Welcome to the world of Web Scraping with Python! In this beginner’s guide, you will learn the art of extracting valuable information from websites.
The internet is full of valuable information, still, many people and businesses struggle with getting all the information they need.
For example, people may want to keep track of the price of a specific product. However, there are just too many different shopping sites with different prices to keep track of.
That’s where you come into play! With the skills you’ll learn in this guide, you will be able to collect all the information from all the websites and either use them yourself or provide them to other people in one single place.
Keep reading to find out more!
#1 What is Web Scraping
Web scraping refers to the process of gathering information from the World Wide Web.
In theory, even copying and pasting code from Stack Overflow can be considered an act of gathering information, thus classifying it as a form of web scraping.
However, that’s not what is usually meant when talking about Web Scraping.
Typically, this process is automated using a program that searches for specific pieces of information.
Why Scrape the Web?
Suppose you’re an SEO (Search Engine Optimization) specialist aiming to improve your website’s visibility in search results. Instead of manually brainstorming and guessing keywords, you can make use of web scraping to automatically obtain valuable data from search engine results.
For example, you can create a scraper that navigates search engines, retrieves top-ranking keywords, and analyzes their popularity and competition.
With this data-driven approach, you can identify great keywords with optimal search volumes and lower competition, enabling you to write good content and attract more organic traffic. By consistently monitoring changes in keyword trends through periodic web scraping, you can adapt your SEO strategy and stay ahead of the competition.
That’s only one example of many use cases for web scraping.
In fact, businesses are willing to pay a lot of money for a service that provides them with such important and well-structured data so that they don’t have to hire employees to collect all the data manually.
And even for your own projects, automated web scraping can be a huge time saver!
The Challenges of Scraping the Web
While web scraping opens up a wealth of data possibilities, it also presents a couple of challenges.
Most websites are constantly undergoing redesigns, internal changes, or other updates, leading to shifts in the HTML layout.
What might work at the time of writing your web scraper might not work anymore the next week.
Also, many sites don’t want to be scraped. Therefore, they implement anti-scraping mechanisms like CAPTCHAS, IP blocking, or rate limiting.
Even if they don’t have such mechanisms in place, they can forbid automated data collection in their Terms & Conditions. Still scraping them would then be illegal.
Another problem is the variety of websites. If you want to gather data from more than one website, your scraper must be able to adapt to a completely different website.
The more websites you are planning to scrape, the harder it gets to code a functioning web scraper.
Despite these challenges, understanding and mitigating them with respect for the website owners’ rights can lead to successful and responsible web scraping, providing valuable data for various legitimate use cases.

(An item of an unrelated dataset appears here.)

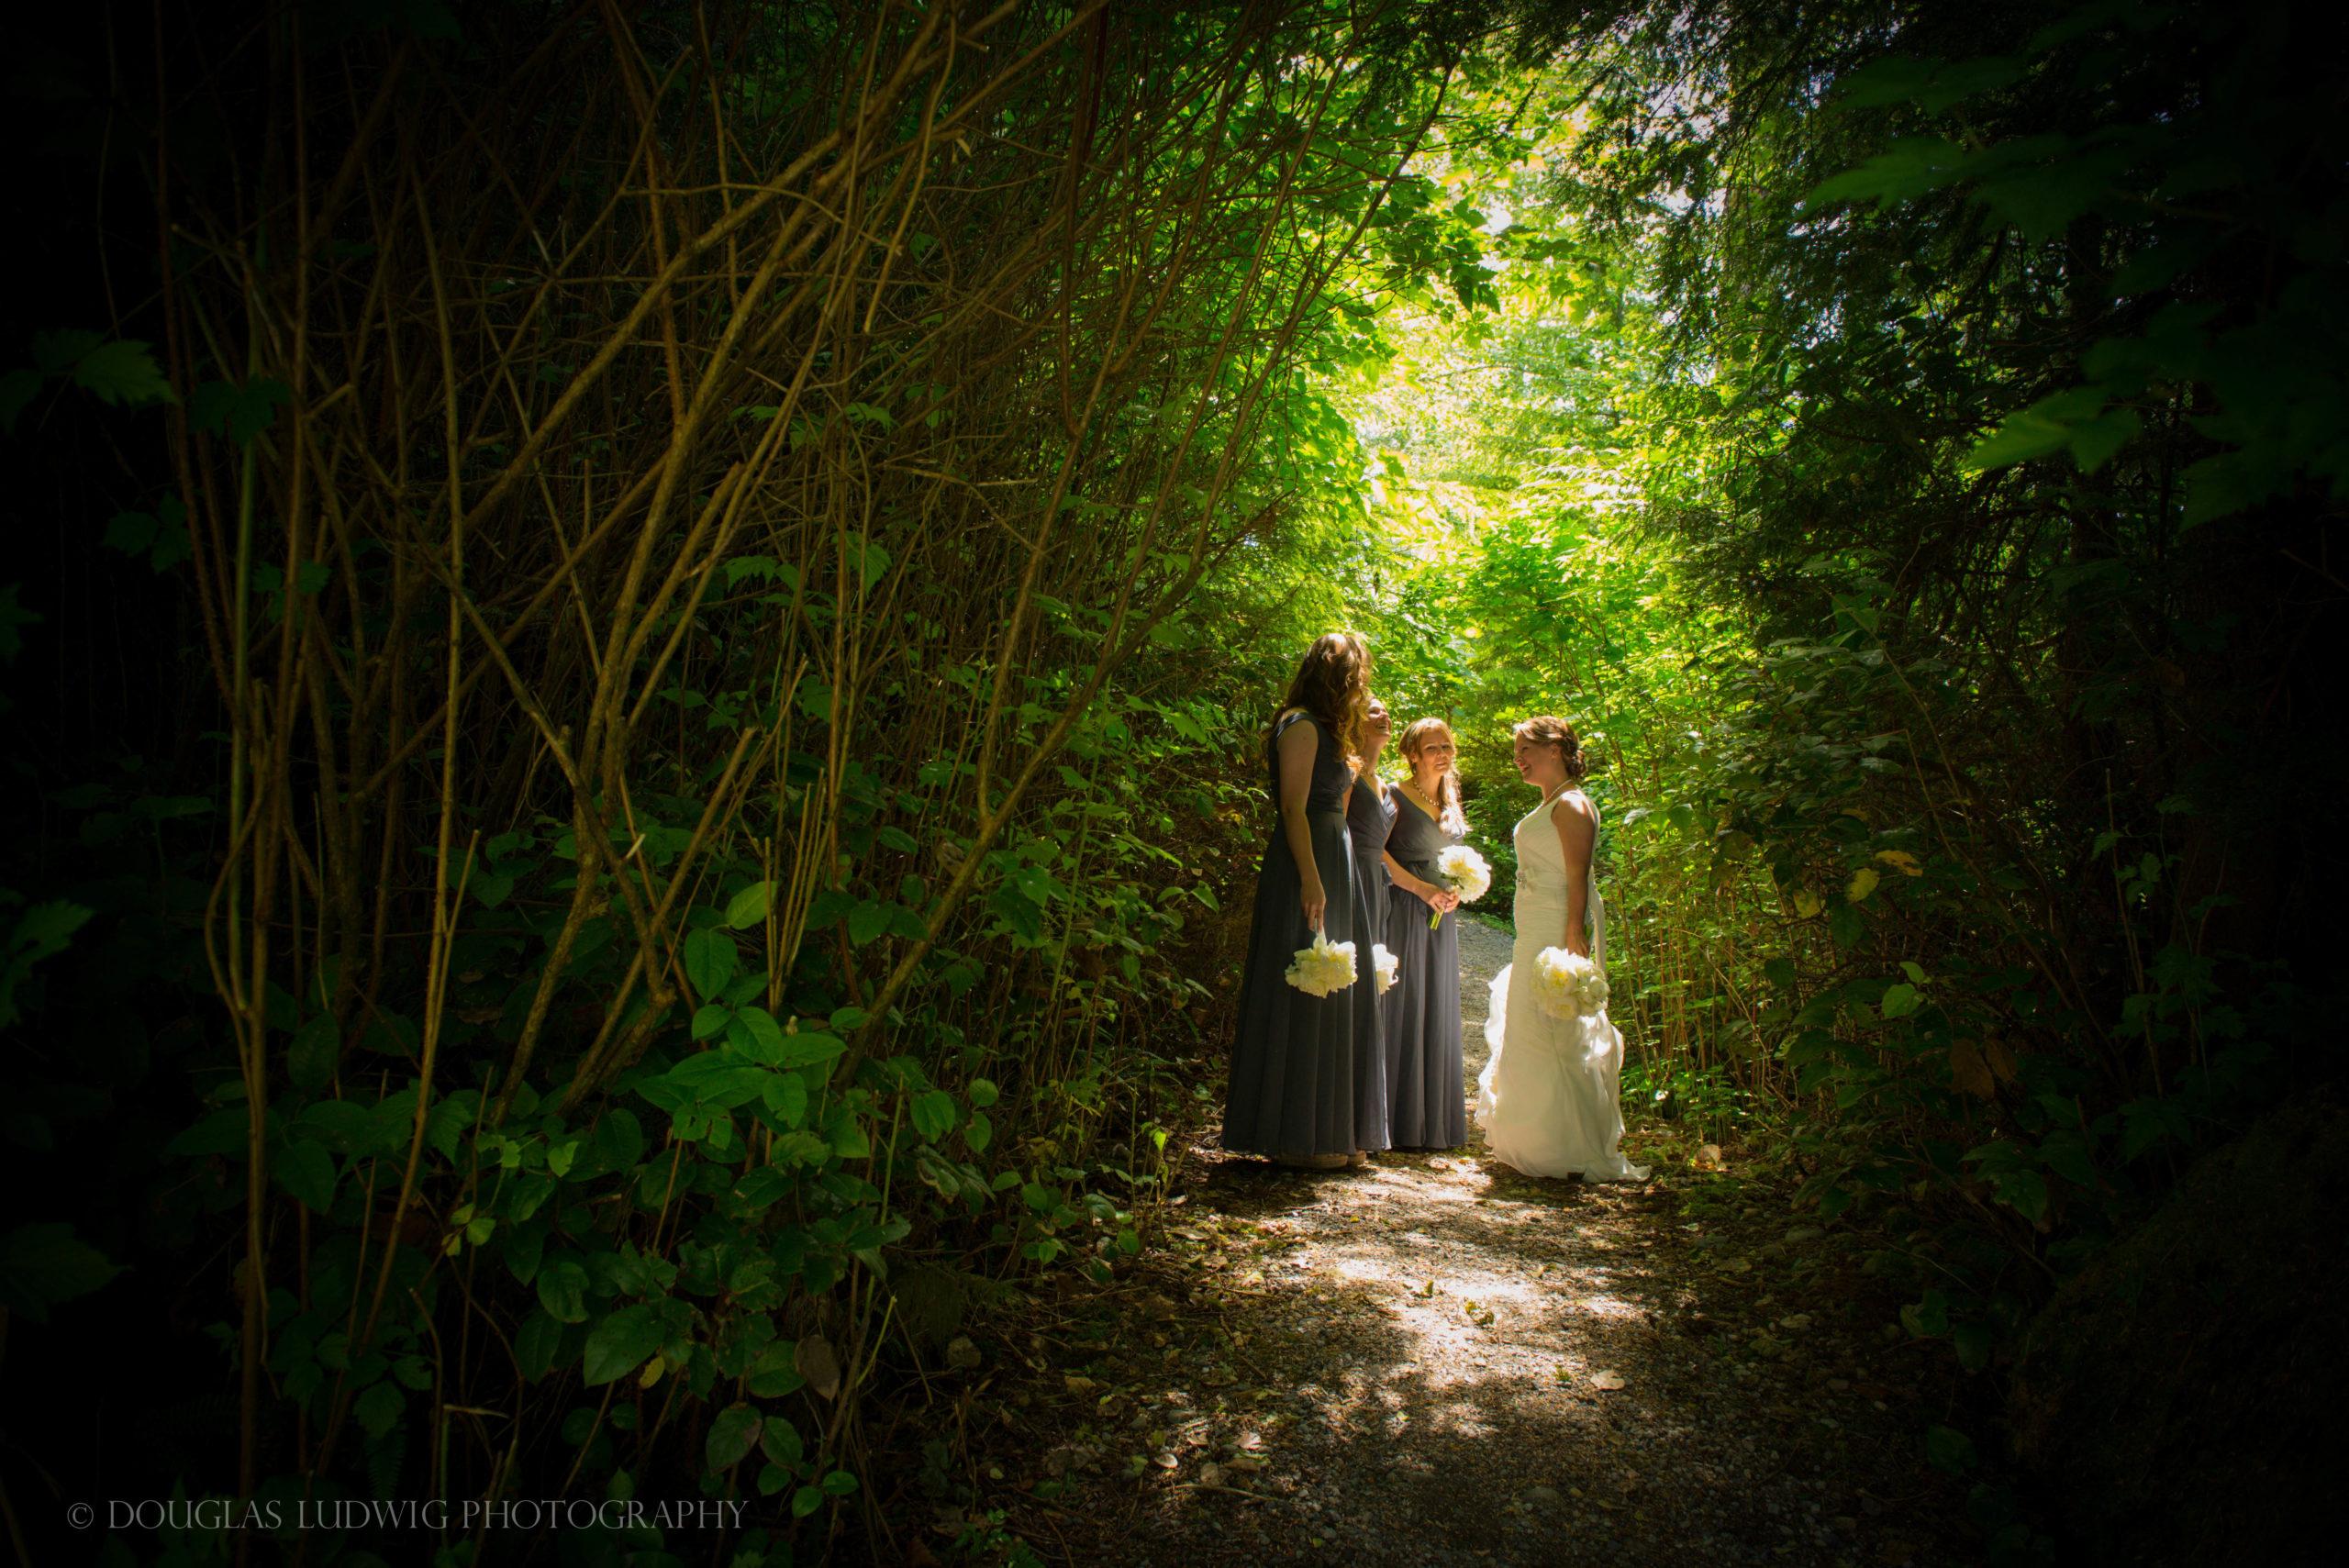 Douglas Ludwig_Bride with Bridesmaids
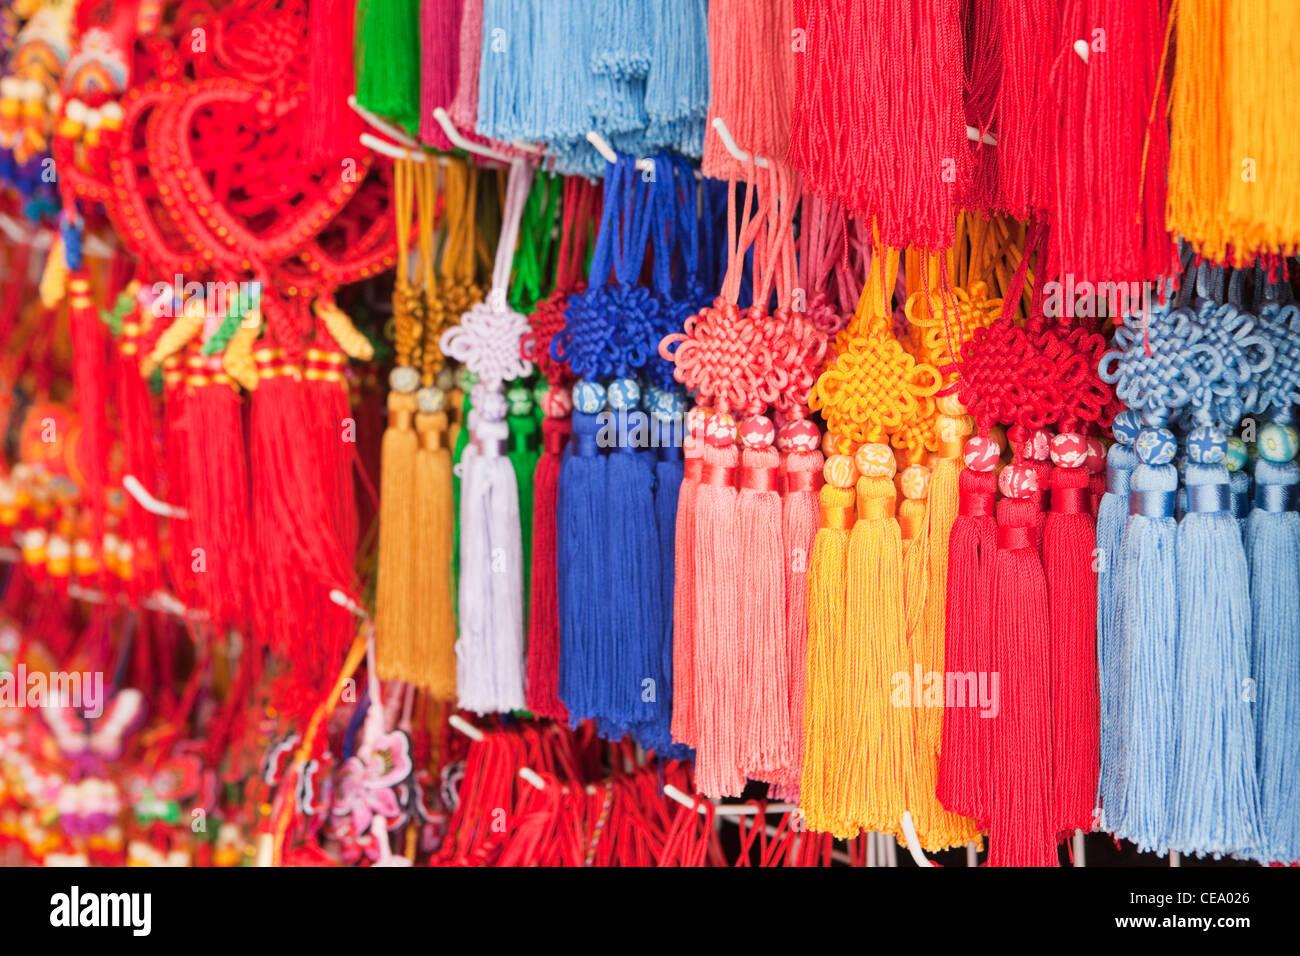 Amore nodi per la vendita; l' Yuyuan Bazar; Shanghai; Cina Immagini Stock

Why use Python for Web Scraping?
Python has emerged as the leading choice for web scraping, gaining popularity among developers and data enthusiasts alike. Its versatility, simplicity, and a big ecosystem of powerful libraries make it an ideal language for this task. Here are some reasons why Python is the preferred language for web scraping:
- Ease of Learning and Use: Python’s intuitive syntax allows beginners to quickly grasp the language fundamentals. Its readability makes writing and maintaining a web-scraping script relatively easy, even for those with limited programming experience.
- Abundance of Libraries: Python offers a ton of libraries specifically for web scraping. Beautiful Soup and Requests simplify HTML parsing and data retrieval, while Selenium handles dynamic content with ease.
- Cross-Platform Capability: Python code can run on almost any operating system. Hence, scraping scripts can be run seamlessly on various devices.
- Community and Support: Python’s large and active community ensures continuous support and a lot of resources. From tutorials and documentations to ready-made scripts and code snippets, Python’s strong community has got it all.
#2 How Web Scraping with Python is Done
Setting up Python and Pip
Before we get started with writing code, we need to install Python with its package manager Pip.
If you have already got Python installed on your computer, feel free to skip this step!
Let’s start with the installation process for Windows.
Luckily, the installation process is straightforward. Simply head to Python.org and download the latest release. After downloading, run the installer and follow the instructions there. Just make sure to tick “Add python.exe to PATH” and hit Install Now.
If you’re on Linux, simply run the following command in your terminal:
sudo apt install python3-pip
After Python is done installing, create a file with the extension .py in your project folder. py-Files are where you save your Python code.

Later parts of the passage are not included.